Poyraz kendisine masum masum bakan karısına nasıl karşı gelebilirdi ki ama gelmeliydi.
" Seni öpersem sana verdiğim sözü tutamamış olurum" dedi.
" Ne sözü ben hatırlamıyorum " dedi sonrada sessizce fısıldadı.
" Gerçi hiçbirşeyi hatırlamıyorum ya"
" Hatırlıcaksın zorlama kendini lütfen" dedi poyraz. İnanıyordu , inanmak zorundaydı defnenin hatırlayacağına.
" Ne sözü bu " diye sordu defne.

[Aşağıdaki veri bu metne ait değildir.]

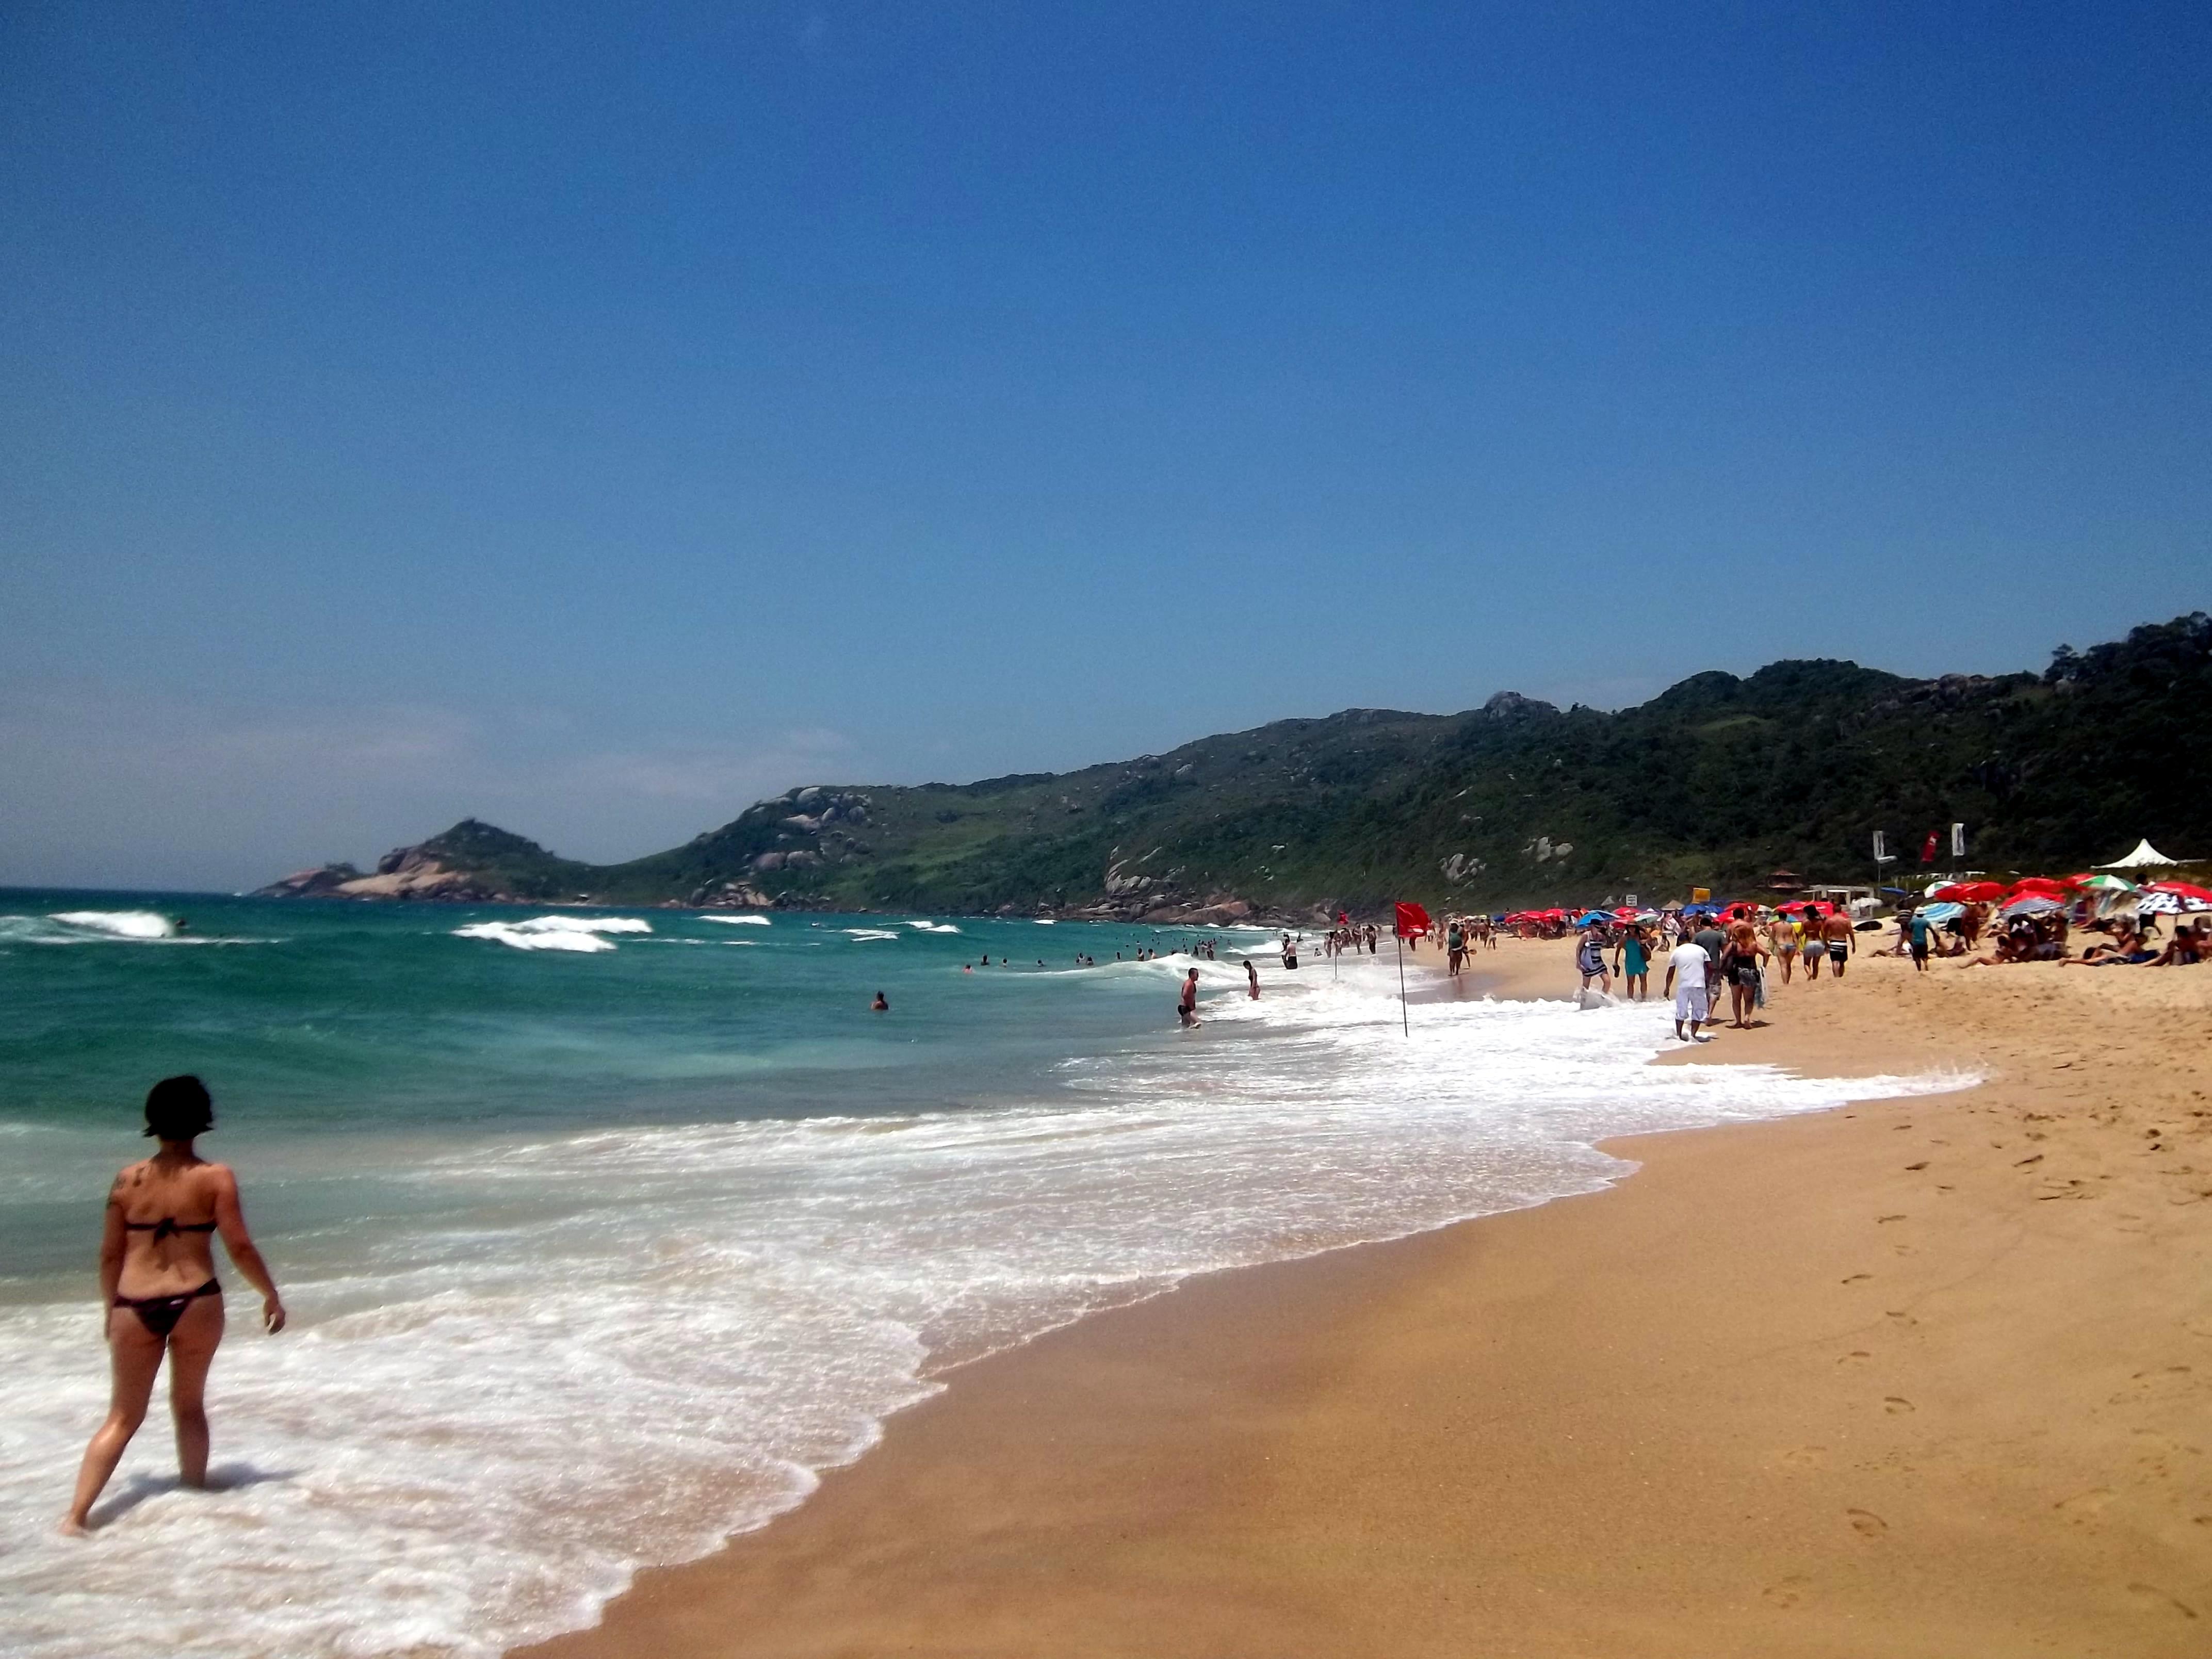 Ficheiro praia mole florianopolis brasil jpg for Paginas de nudismo

Aklına o takılmıştı.
" Ben seni ilk öptüğüm de bana bir söz verdirmiştin sen " dedi açıklama yapmadı direk kendisi sormalıydı çünkü.

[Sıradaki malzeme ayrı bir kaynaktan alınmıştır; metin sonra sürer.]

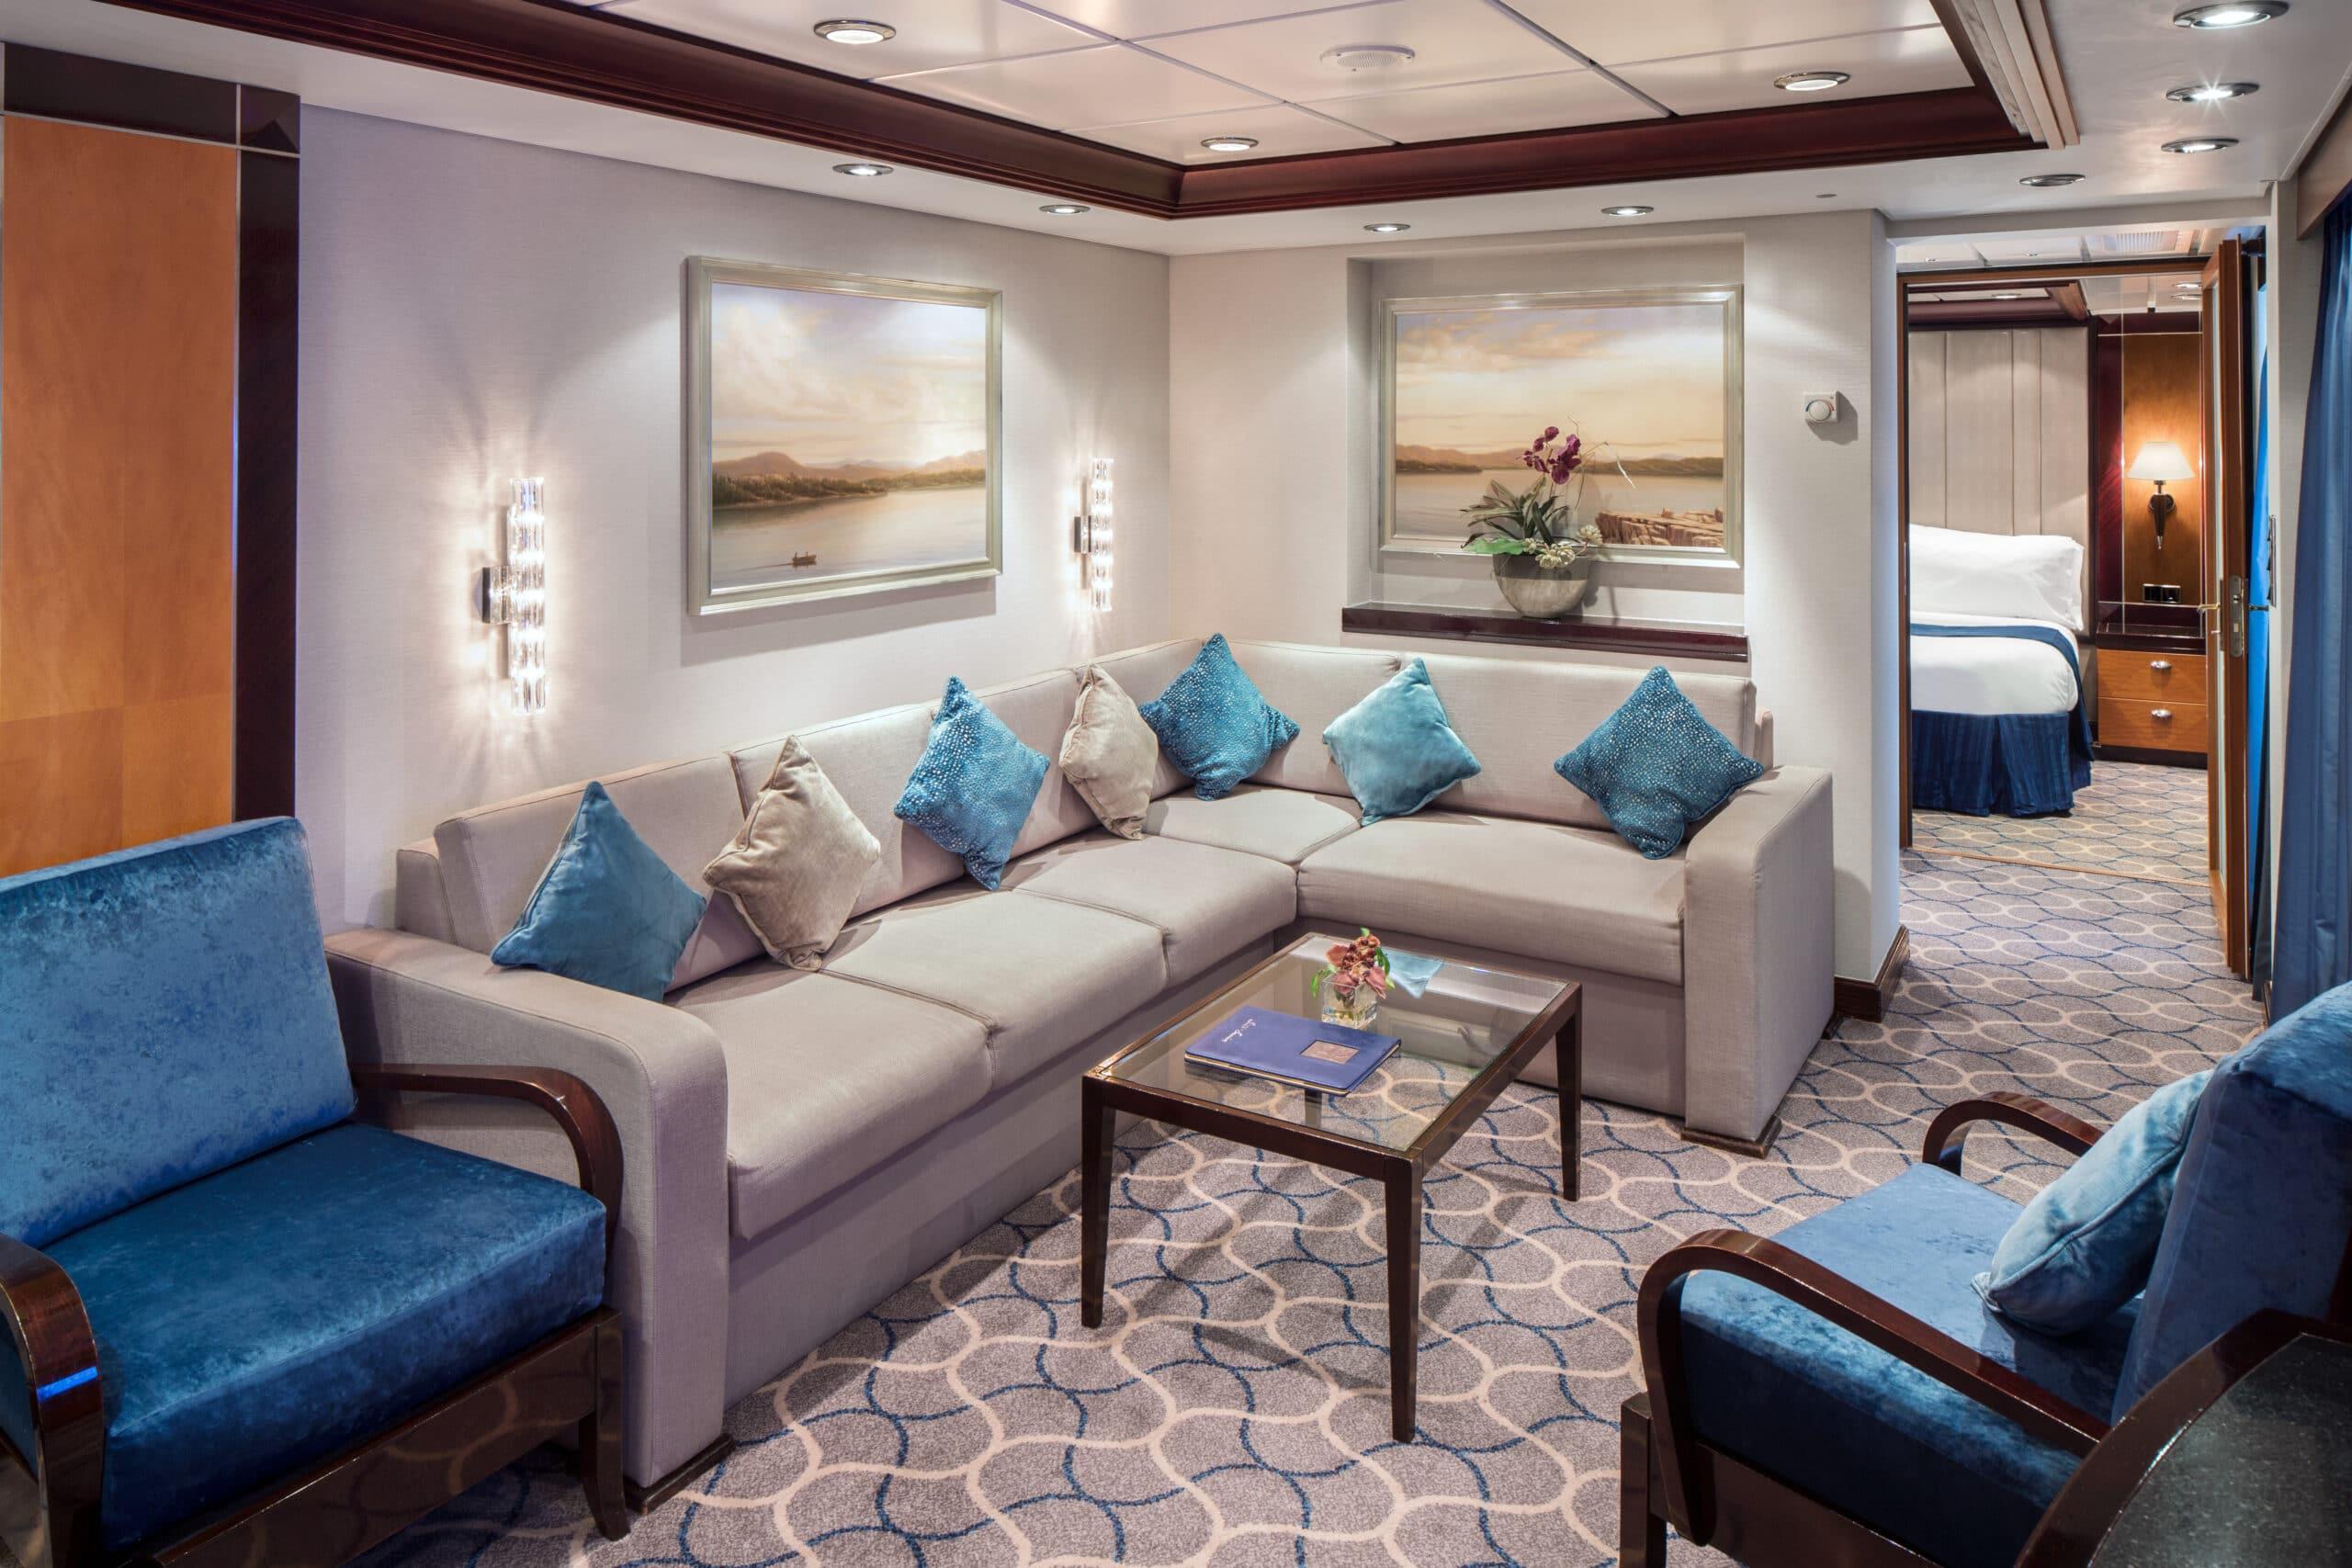 Royal-Caribbean-International-Freedom-of-the-Seas-Liberty-of-the-Seas-schip-cruiseschip-categorie-VS-Villa-Suite

" Açıklarmısın artık lütfen " dedi defne meraklı kedi gibi.
" Yani işte ben 1 senedir peşinde koşuyordum ama bir adım kaydedememiştim. Birgün sen gittin okuldan seninle ilgilenen çocuğun seni sinemaya davet ettiğini ve senin kabul ettiğiri öğrendim. Delirdim tabi hemen sinemaya gittim sizin girdiğiniz filme tam arkanıza oturdum. Sizi başbaşa bırakmadım aradada sen bana kızarken tuttum kolundan çıkardım ordan. Arabaya bindirdim tabi sen sürekli konuşuyordun bende arabayı sağa çektim ve seni öptüm. Önce karşılık verdin bende beni seviyorsun diye umutlanmıştım ama bırakınca tokatı patlattın. Ardından da bir daha seni sevmeyen birini öpmeye kalkma tamam mı dedin ve bu aramızda bir anlaşma oldu " dedi poyraz.
" Ama " dedi ve sonra sustu defne. Ben seni sevmişim diyemedi. Çünkü şu an hatırlamıyordu ve hatırlamadığı şeyi söyleyemezdi.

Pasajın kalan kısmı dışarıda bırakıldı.